The psychotic ramblings of a clinically depressed midget with borderline personality disorder...BTW, I'm also egomaniacal and pretty much hate anything with a pulse.
9/26/2004
You know, I was thinking about that job I am supposed to go interview for again. I am completely mortified. I know it's a fairly entry-level position and they aren't expecting some professional programmer with 10+ years of experience in there, but I am definately NOT secure in my abilities because of the length of time it has been since my last position.
This would be a great job for me by way of not having to deal with people; but all in all, I would prefer the other job I interviewed for. It definately has a more creative outlet and isn't straight programming all day long. I guess the fact that one of the men I interviewed with was like "a lot of people don't last a week here." I understood why, and I don't have the same attitude as those people...but you also have to wonder about the work environment. You had to have a helluva lot of people quit to make a statement like that to a potential candidate for an open position! And that seems like a big red flag for me.
Maybe I'm just being pessimistic again, I don't know.
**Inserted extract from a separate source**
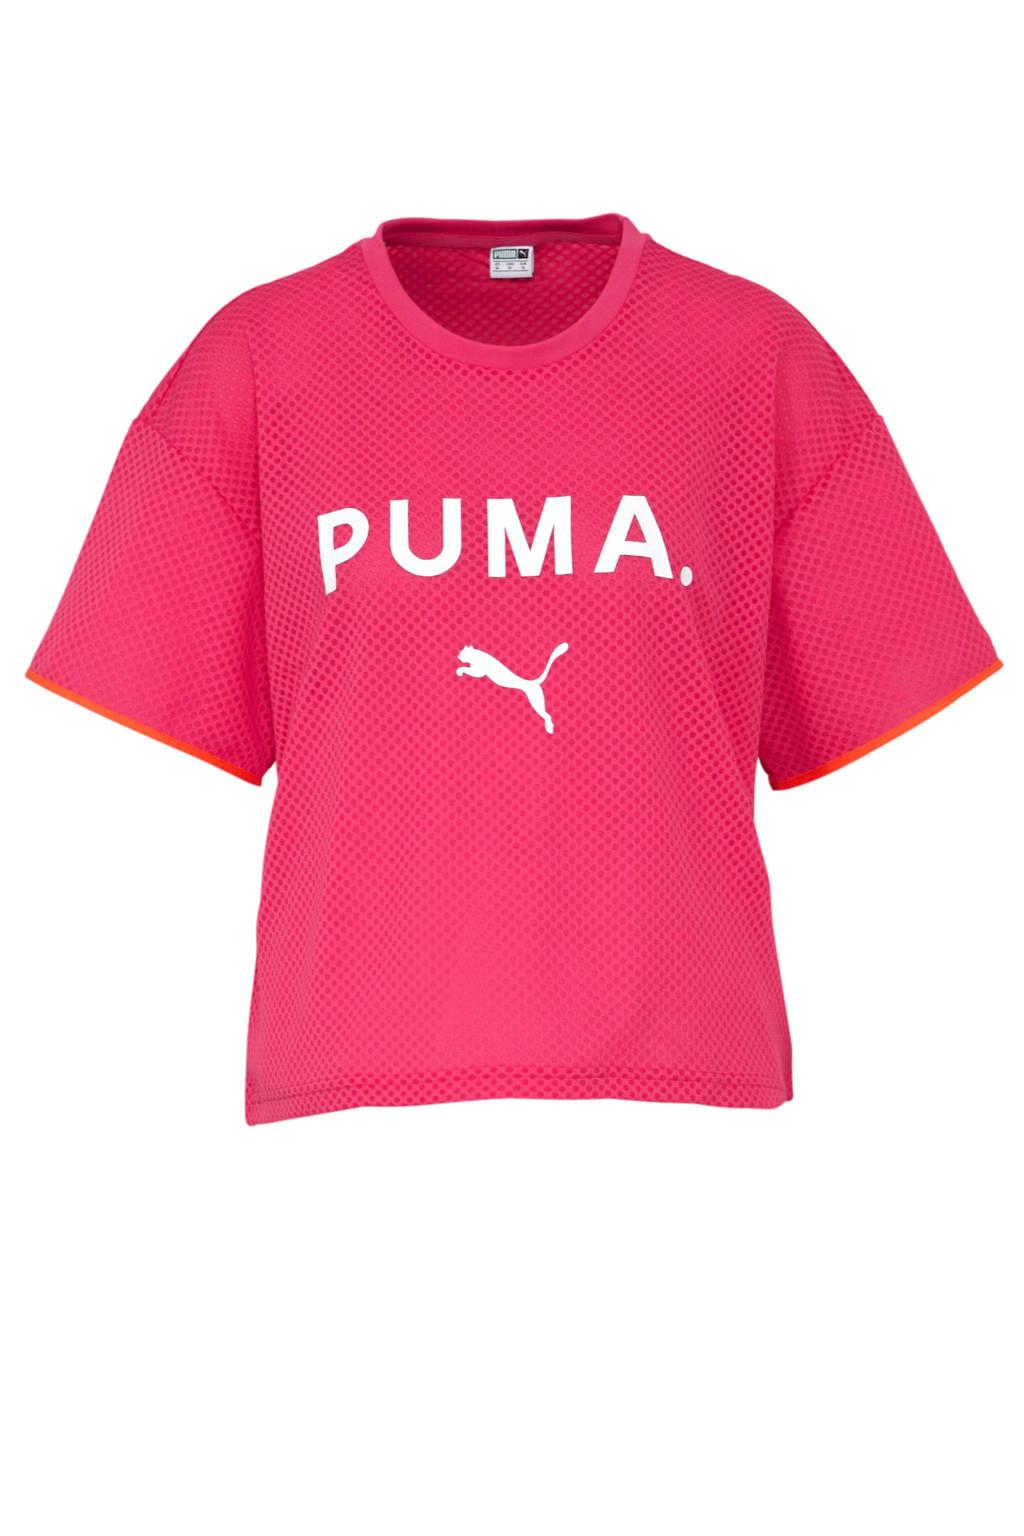 Puma T-shirt met printopdruk roze/paars, Roze/paars

Oh, sidenote: I was reminded that some questions are better left unanswered...or at the very least, the answers should be remembered for safety reasons - "Hey, why do I have an almost completely full container of sugar-free jelly in here? That stuff was tasty the last time I had it...PB&J here I come." Now it's 7 hours later, my ass sounds like a tuba performing "Flight of the Bumblebee"*, and I keep taking 15 minute detours to catch up on my "light reading". *mumbles to self 'If I don't take another part of the paper in there next time, I'm going to have the real estate section memorized'*
And on that note....I have to return...maybe if I go to sleep I won't notice it so much?
*5th up from the bottom. (Direct links sending me to some weird page with nothing on it.)